Task goal: Please copy the data below exactly, from its first line through the line holding "Cleanroom Films and Bags Market Size", and skip the pictures.

* * * *

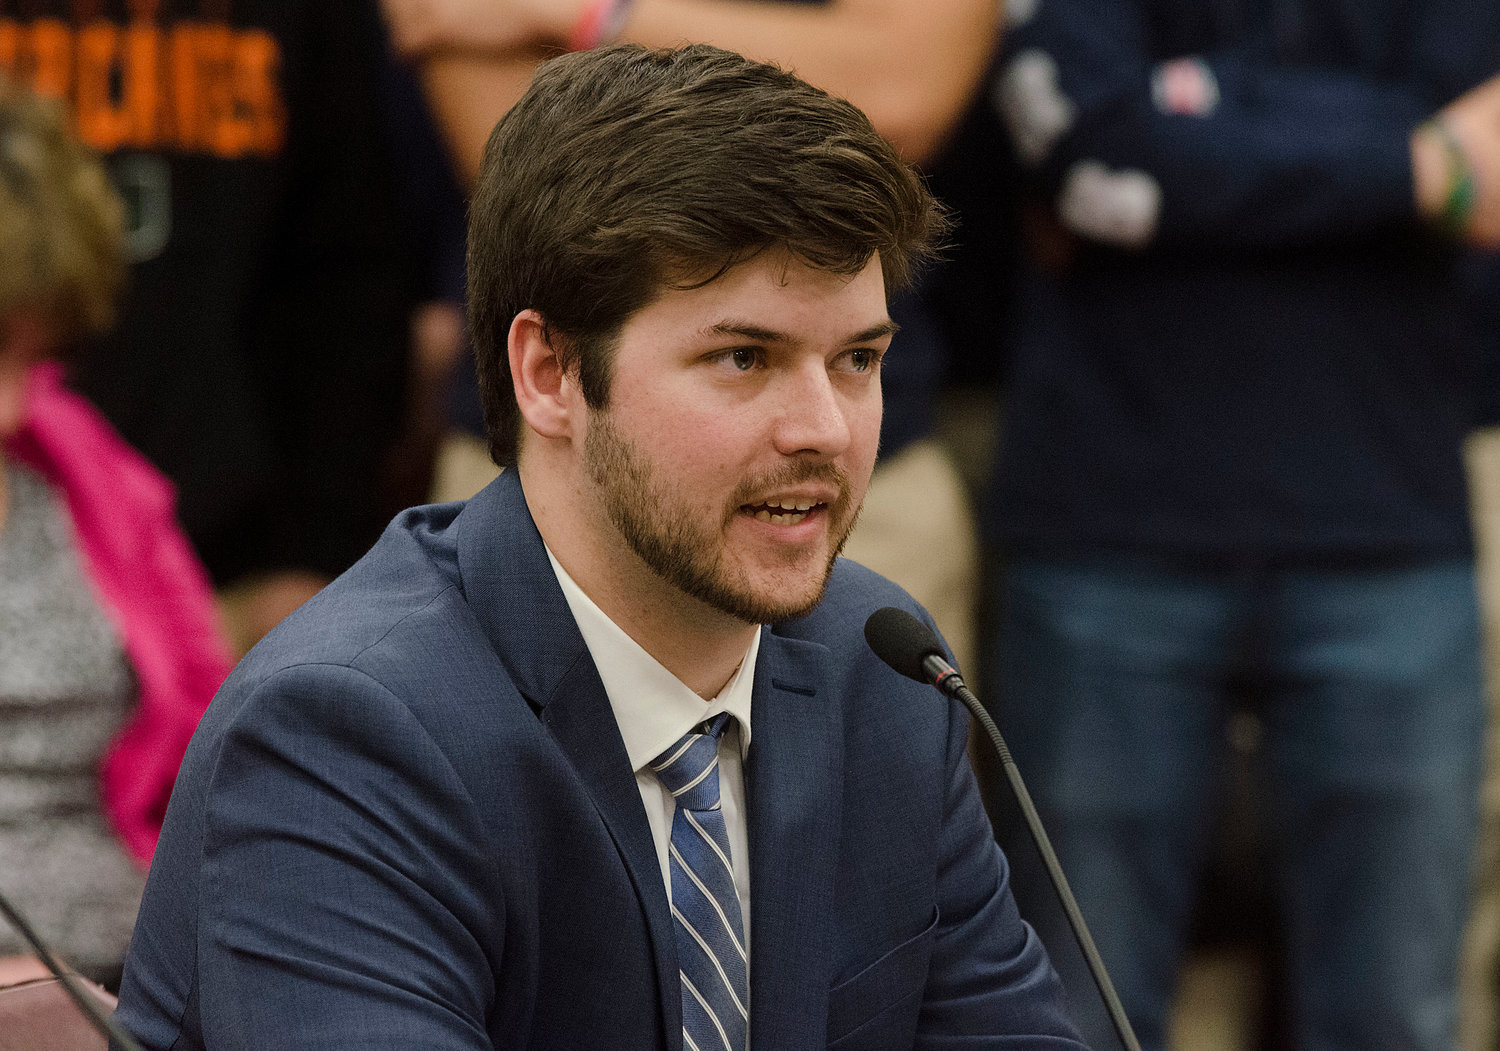 Steven Peterson, executive director of Be Great for Nate, testifies in support of a suicide prevention training bill at the State House in March 2019.
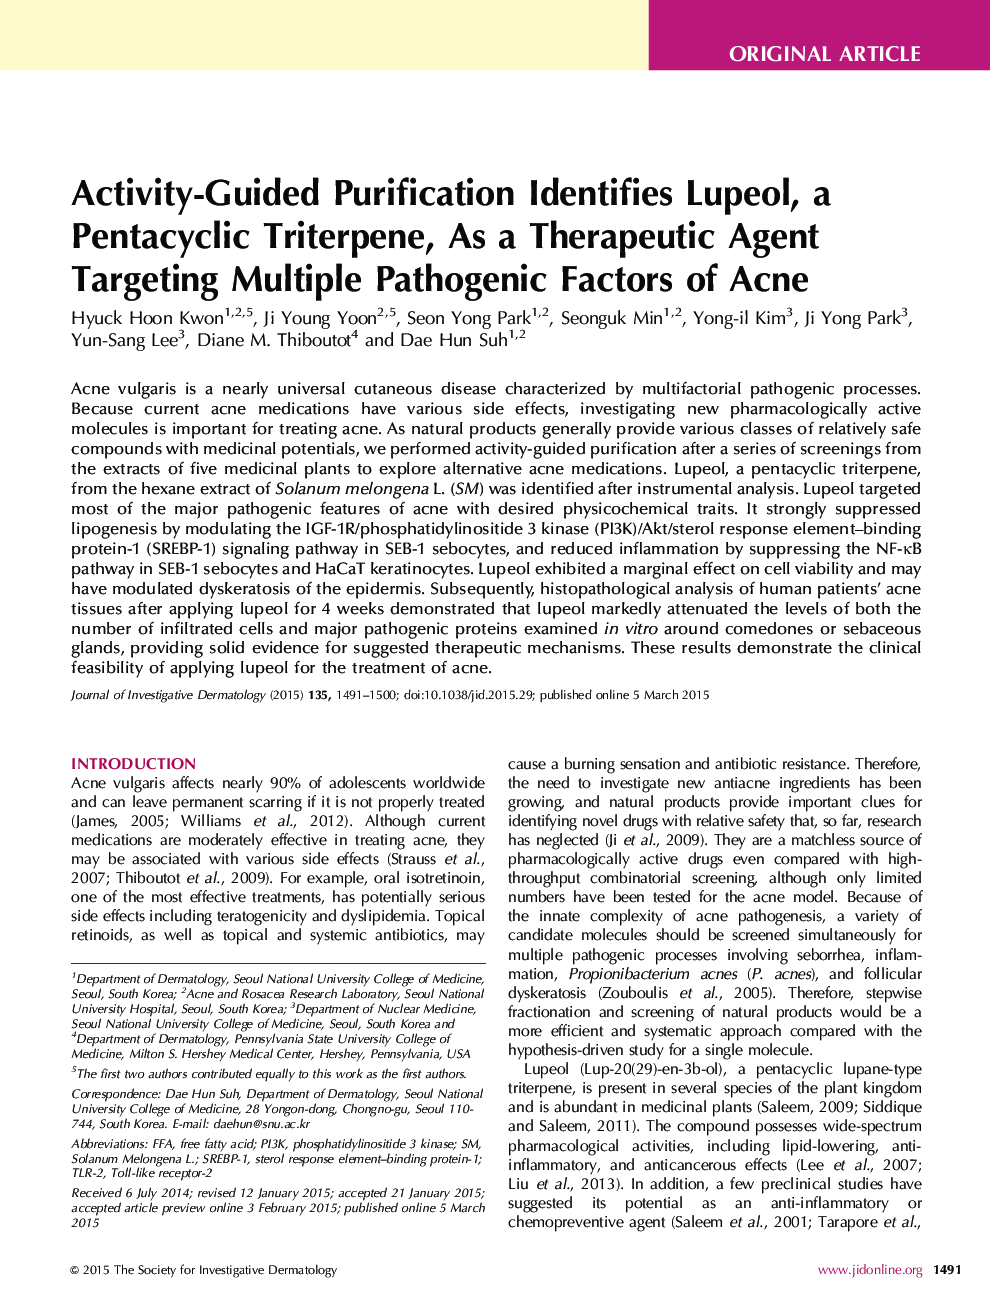 Original ArticleActivity-Guided Purification Identifies Lupeol, a Pentacyclic Triterpene, As a Therapeutic Agent Multiple Pathogenic Factors of Acne
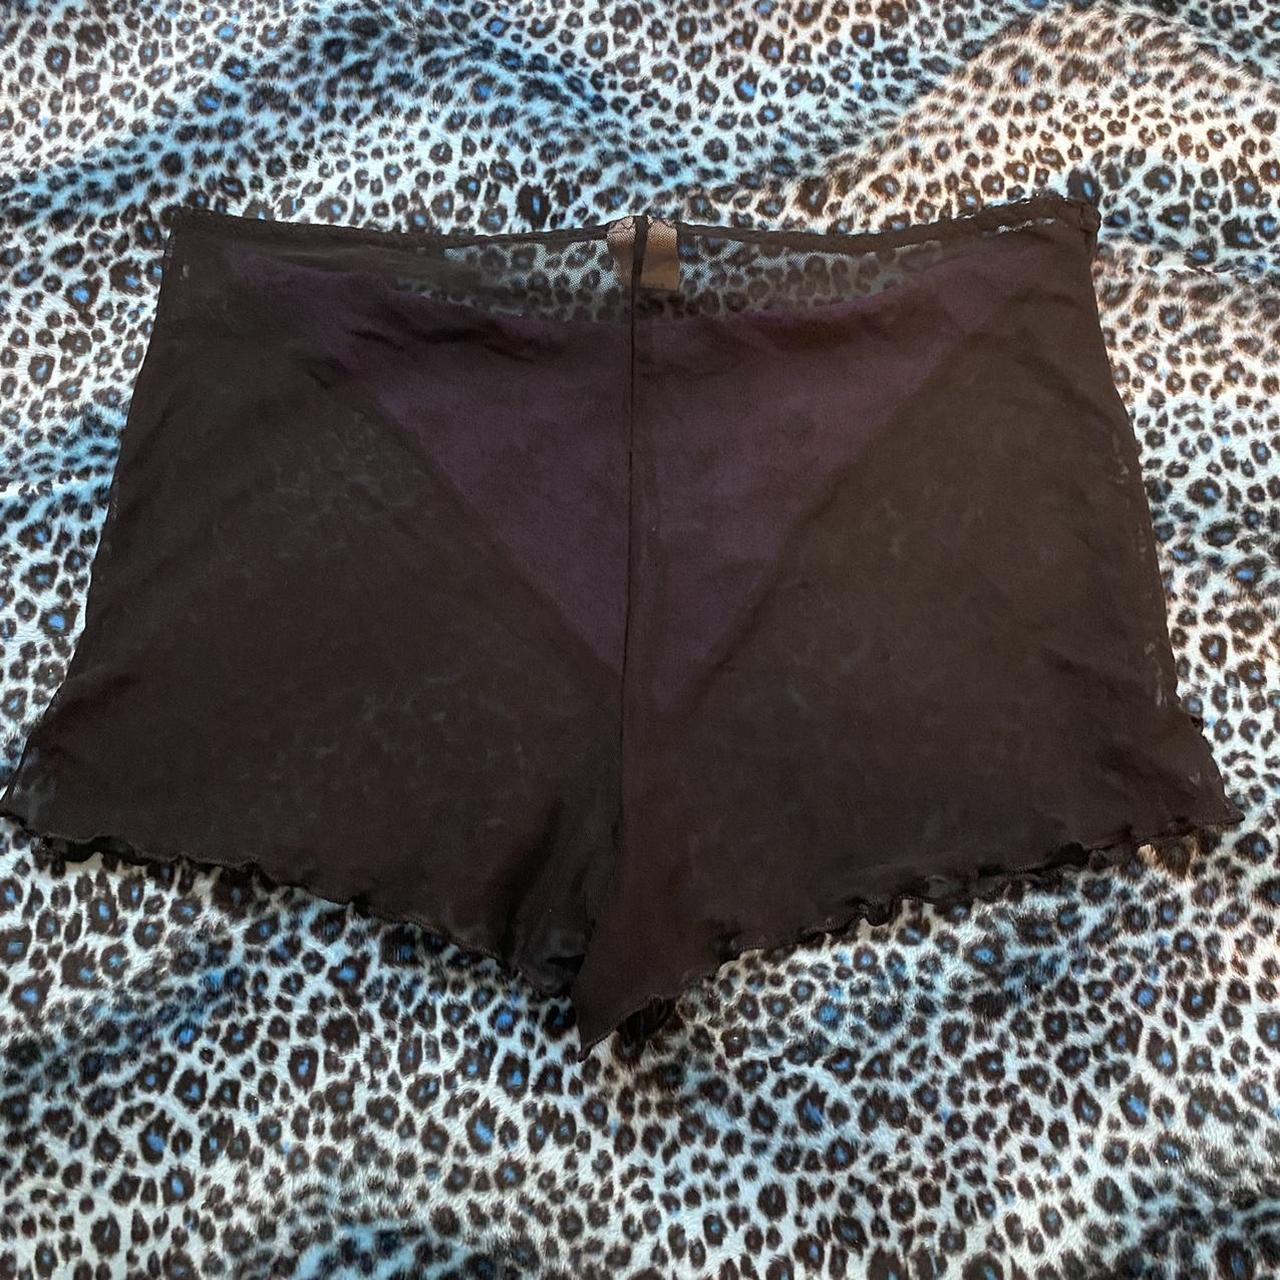 Vintage 90s sheer mesh booty shorts size large by... - Depop
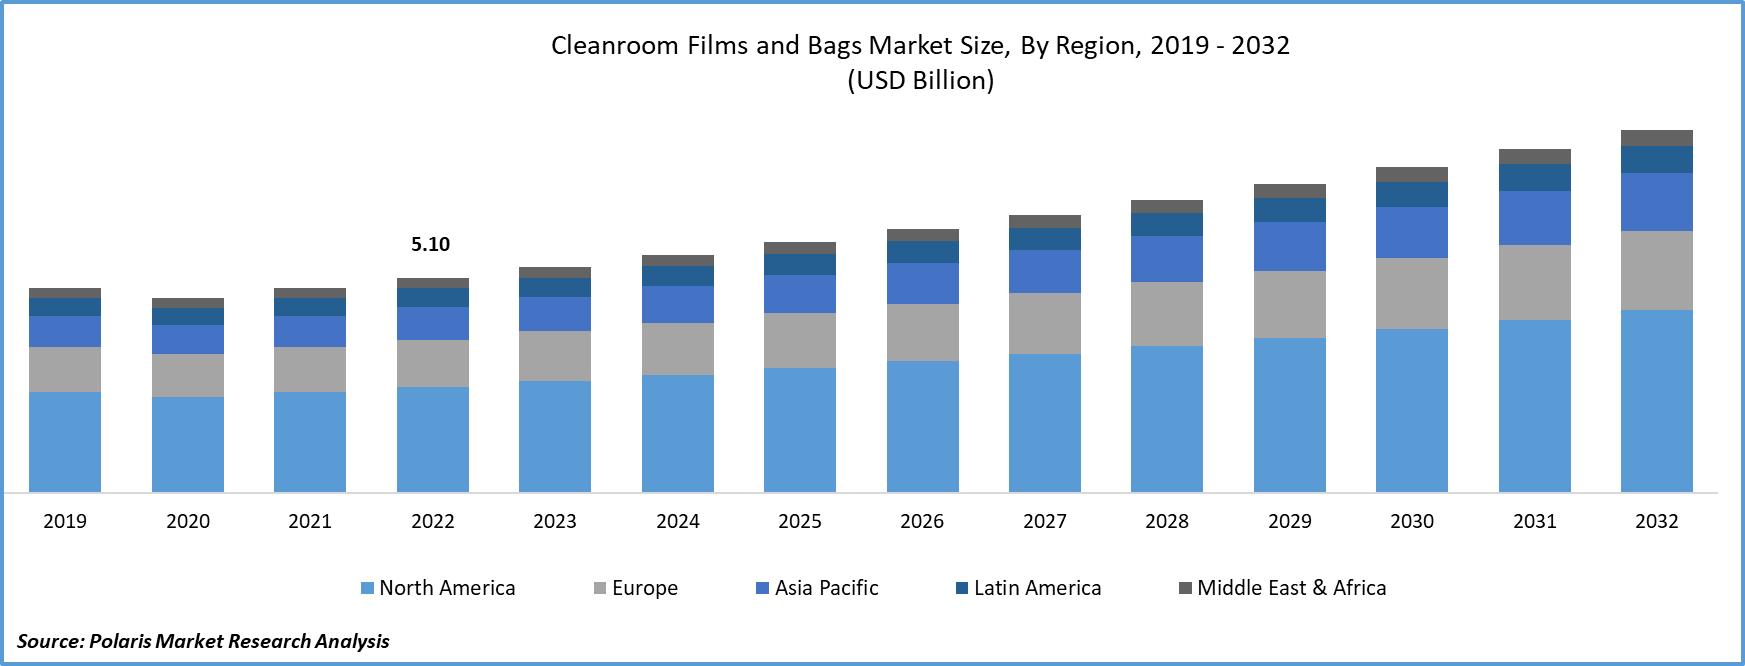 Cleanroom Films and Bags Market Size
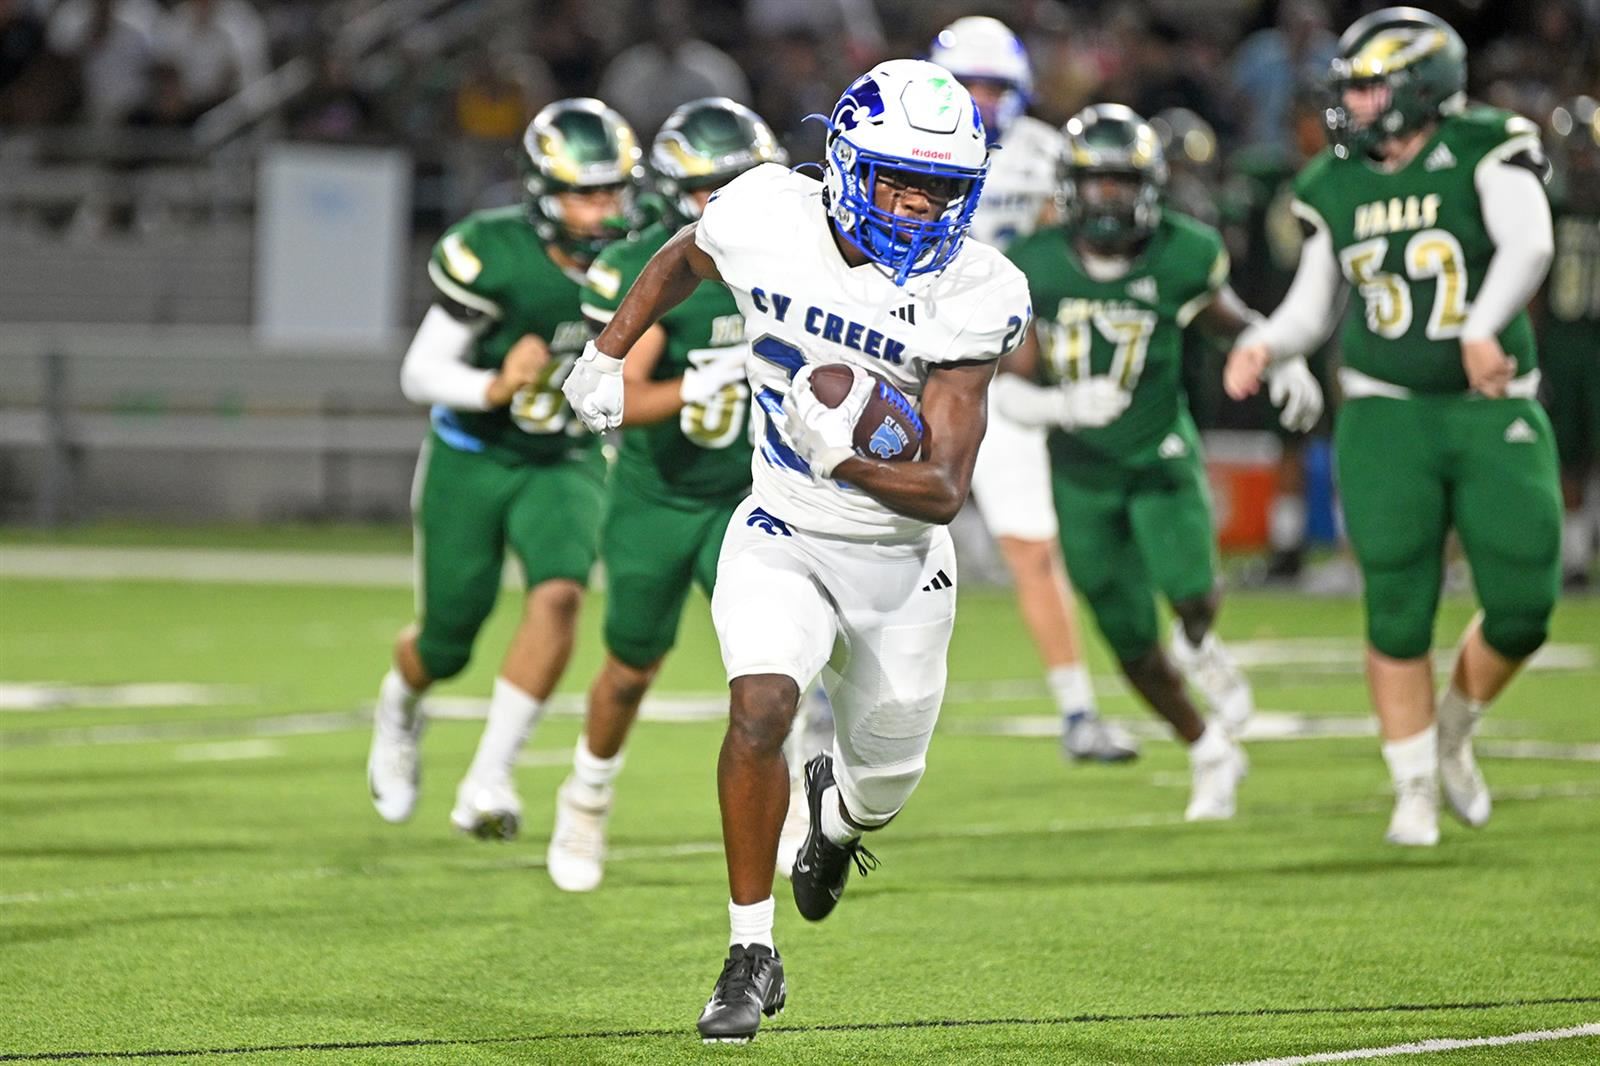 Cy Creek sophomore running back Garland Wilburn was unanimously voted as the District 17-6A Offensive Newcomer of the Year.

* * * *

Your solution:
 Steven Peterson, executive director of Be Great for Nate, testifies in support of a suicide prevention training bill at the State House in March 2019.
 Original ArticleActivity-Guided Purification Identifies Lupeol, a Pentacyclic Triterpene, As a Therapeutic Agent Multiple Pathogenic Factors of Acne
 Vintage 90s sheer mesh booty shorts size large by... - Depop
 Cleanroom Films and Bags Market Size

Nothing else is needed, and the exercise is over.